Mike: I can get some sense of what’s going on in the hood without fully understanding their magic to translate CSS. Translate the props to CSS. But the documentation is great in that it’s very linear. It’s very consistent. It lists everything with examples. A little copy and paste.

Mike: It just uses really good white space so looking at the page doesn’t seem overwhelming. You can find what you need easily. Their search is great too. Their search is helpful. 90% of the time, I think that’s what I’m going in there for. May be going in there and seeing if a component exists to do something. It usually does. And stumbling across something else that was useful that I didn’t know about. Or just refreshing myself on some of the principles. I can always pretty much find what I need here.

Drew: The only thing that I didn’t like about the docs from glancing around was the number of ads on it. On every page for their commercial offering of Chakra UI Pro.

Mike: I hadn’t seen them. Interesting. I’ve seen it. I’ve definitely seen it. But I’m not seeing it right now. Oh yeah. Okay. There’s Chakra UI Pro. I guess I filtered it out mentally. I hear you. At least it’s not too big and in your face.

Drew: It’s not too big. It’s just in the wrong place. It’s just where you’re looking for the information. Which I guess is why they’ve done it. That’s worth mentioning in considering the ecosystem and everything around the project is there’s a pro set of components that is… I guess it’s equivalent to some of the stuff that’s in Tailwind UI that’s there. Marketing pages and here are components and more of these composed sections of pages and entire pages and layouts and things. That you, is available from the makers of Chakra, but as a commercial offering.

Mike: Yeah. Just taking a quick glance at it now. Some of these are actually available. Or versions of them are available for free like Chakra templates. It’s Chakra templates, I guess, is the open source solution to Chakra Pro or the open-source competitor. I’m sure you’re going to get a ton by paying for this. It looks Chakra Pro is extremely robust and reasonably priced if you have a paying professional need for these. There’s a couple of options for your project, it looks like.

Drew: Yeah. It sounds there’s quite an ecosystem built up around it. Do you know how long the project’s been going and what following there is? Is it in widespread use in the React community?

Mike: I want to say yes. I don’t know to what degree. I’d be curious to just see what’s the, I guess, market share of Tailwind versus Chakra nowadays. I do know Chakra got an award relatively recently. GitNation React Award for the most impactful project to the community. I’d say it’s pretty big and pretty well embraced. With good reason, which is great. People are definitely enjoying it. I’m not the only one.

Drew: One thing that’s always worth thinking about when bringing a dependency into your project is what happens when you need to update that dependency.

Mike: Yeah.

Drew: Chakra is being improved all the time, I imagine. Is it a case of once you’ve imported it and built with it, you leave it locked on a certain version? Or is it generally safe to keep updated? Is it relatively stable in terms of the design and things of your site not changing as Chakra updates?

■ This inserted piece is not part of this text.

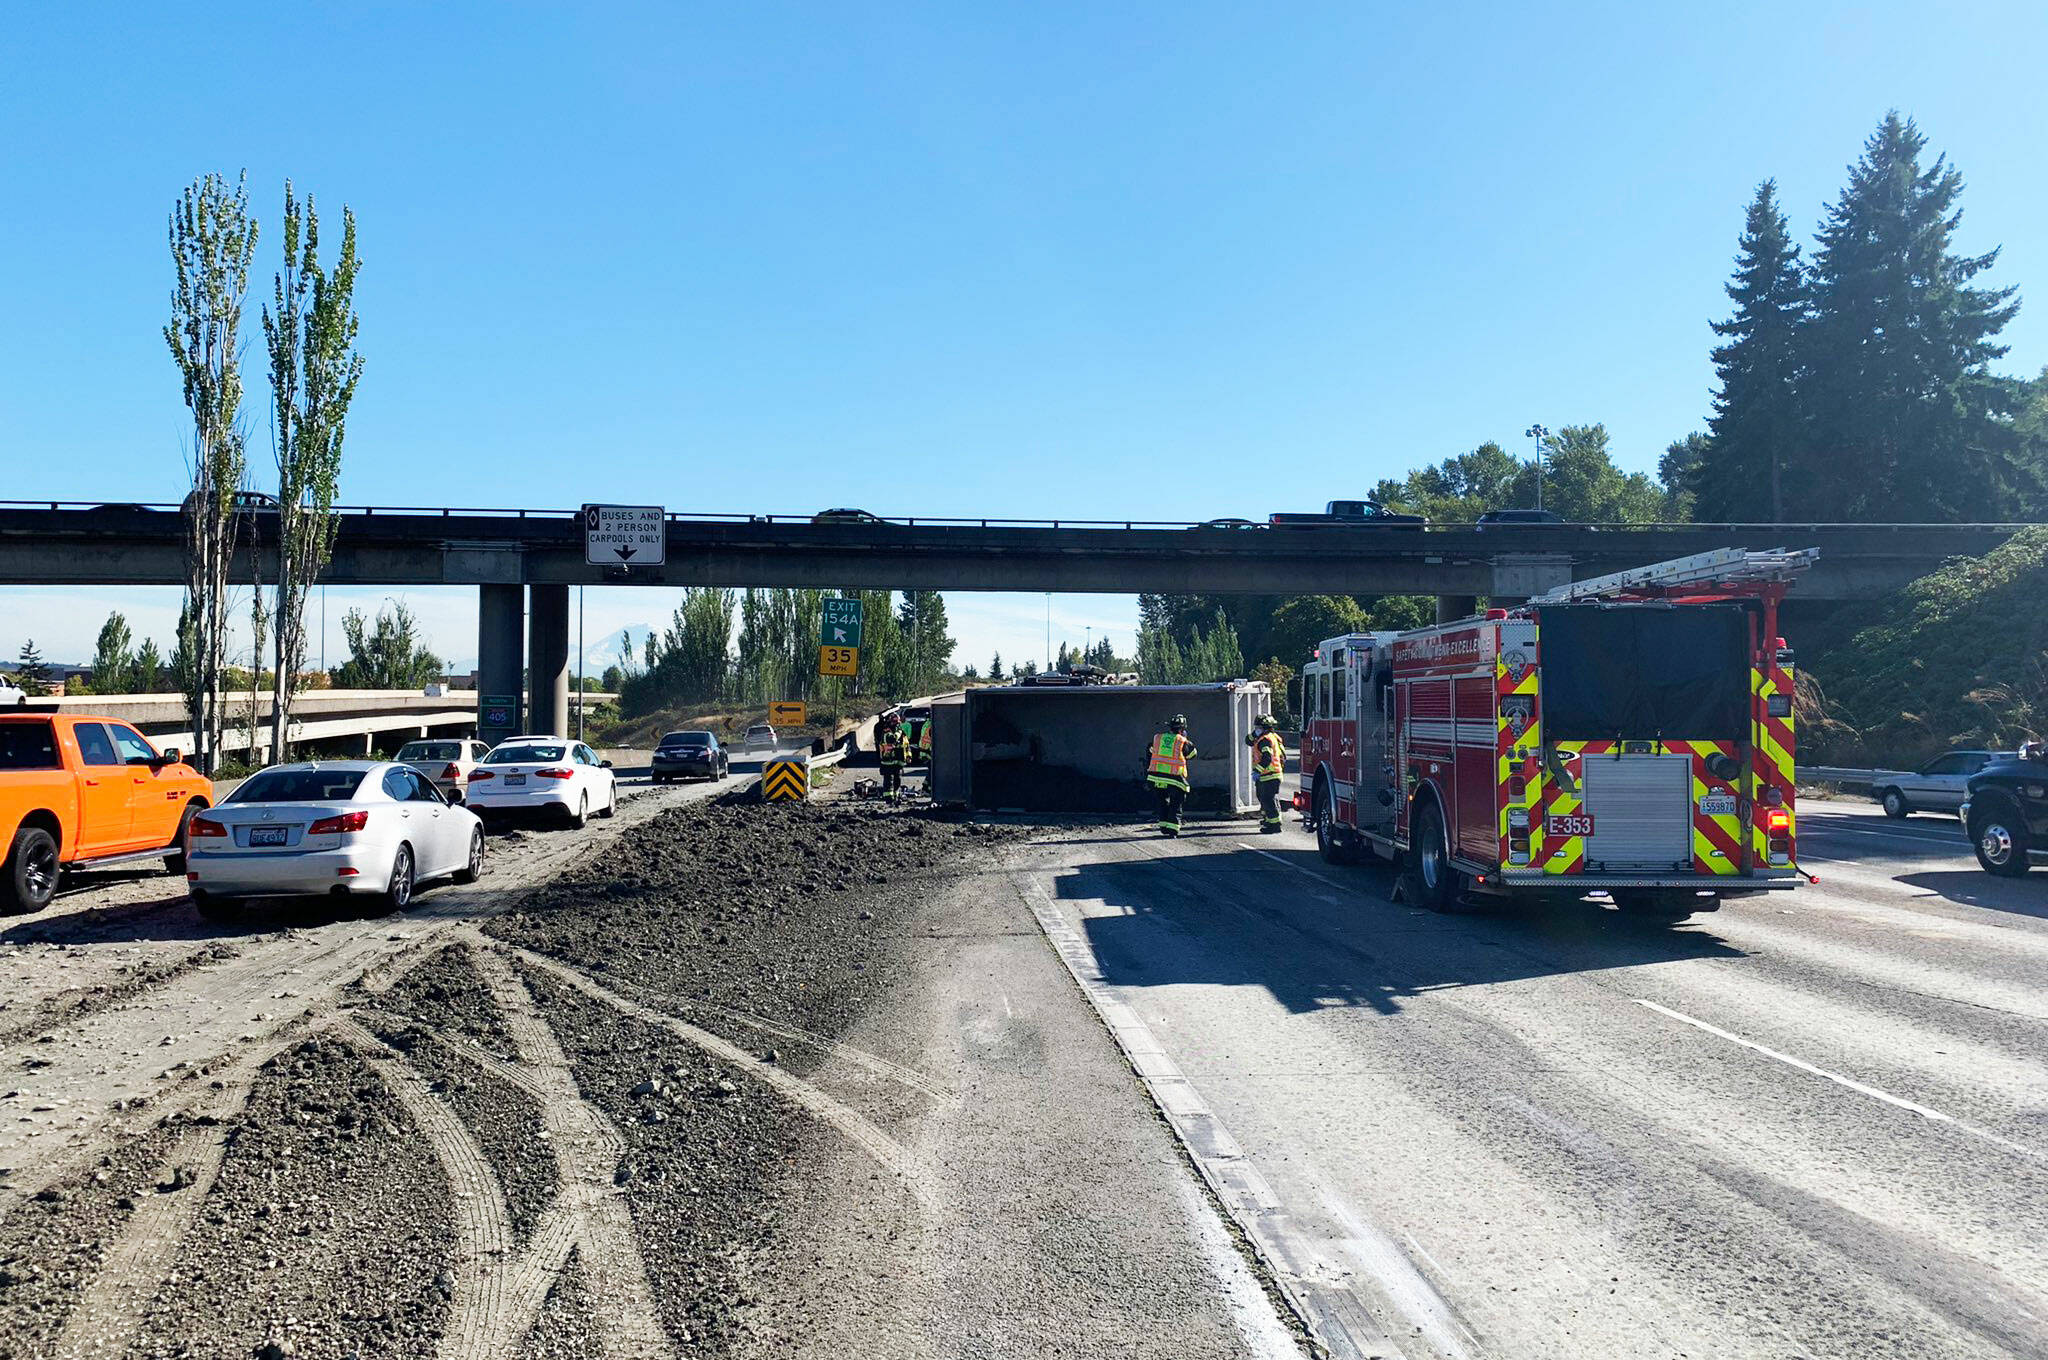 A semi flipped on its side and spilled gravel and other debris Tuesday afternoon, Sept. 21 along southbound Interstate 5 at the I-405 Renton exit. COURTESY PHOTO, State Patrol

Mike: It has been so far. Yeah. Mainly, I’d say that’s because of the progress of development. They’re on version 1.6.3 right now. A number of months ago, they went from zero to one. That was the only time they had breaking changes. Since then, they’ve just been constantly doing feature releases and bug fixes.

Mike: For the last at least couple of months, everything’s been just additions. Additions and fixes. There’s no breaking changes involved. I don’t know what the roadmap looks like, but I imagine it’ll continue to be so. Every time I’ve upgraded it, one of these minor versions, it’s been fine. I’ve never seen something break from it. But when they came out with 1.0, there were some breaking changes. I don’t remember it being catastrophic though.

Drew: Do you know what the situation is with bundle sizes and the ability to tree shake Chakra? Does it add a lot of weight to your project or things are only imported as you use them?

Mike: I don’t recall off hand, honestly. I probably should know that. I haven’t noticed it adding a lot of weight. Mainly because you are importing the components individually. Not importing all of Chakra or anything like that. I’d say it’s in line having support for tree shaking, but I haven’t put it to the test. So far, I haven’t had things that had enormous weight coming specifically from it, though.

Drew: Yeah. That’s always an important consideration, isn’t it?

Mike: Yep.

Drew: Is there anything else we should know about Chakra UI before we dive right in and use it on a project?

Mike: No. It’s great. There’s pretty active community too. I see updates often. I’m looking at the documentation now and seeing components I hadn’t seen before. I see there’s a lot of feature addition going on. That’s great.

Drew: Yeah. That is great. You’ve got a book out called Cut Into The Jamstack, which is a preview release. A beta release at the moment. You’re self-publishing that. Is that right?

Mike: Yeah. Yeah. I am. It was my first attempt at a technical book. I just want to get it out there without committing to something like, it’s formal, I guess. I’m also somebody who likes informality, especially when creating things. It gives me the ability to do it my way by doing it like that.

Drew: The book literally walks the reader through building a software as a service app.

Mike: Yep.

Drew: All on the Jamstack. Why was it you decided to write this now and to take this approach with the book?

Mike: Good question. I’ve been coding for some 20 years now and I think I attempted to write a book a while back and it just didn’t quite take shape. I’m at a point in my career where I really want to share more knowledge. I’ve been using it for so many years and I feel the itch to really put more of it out there and help others.

Mike: Around October of last year, I had this… I wanted to put something out there that was product. An ebook felt like a really good way to start. I’m really passionate about Next.js and the things you can do with it. I use the term Jamstack and I consider Next.js as part of the Jamstack because it has a static site generation as a default.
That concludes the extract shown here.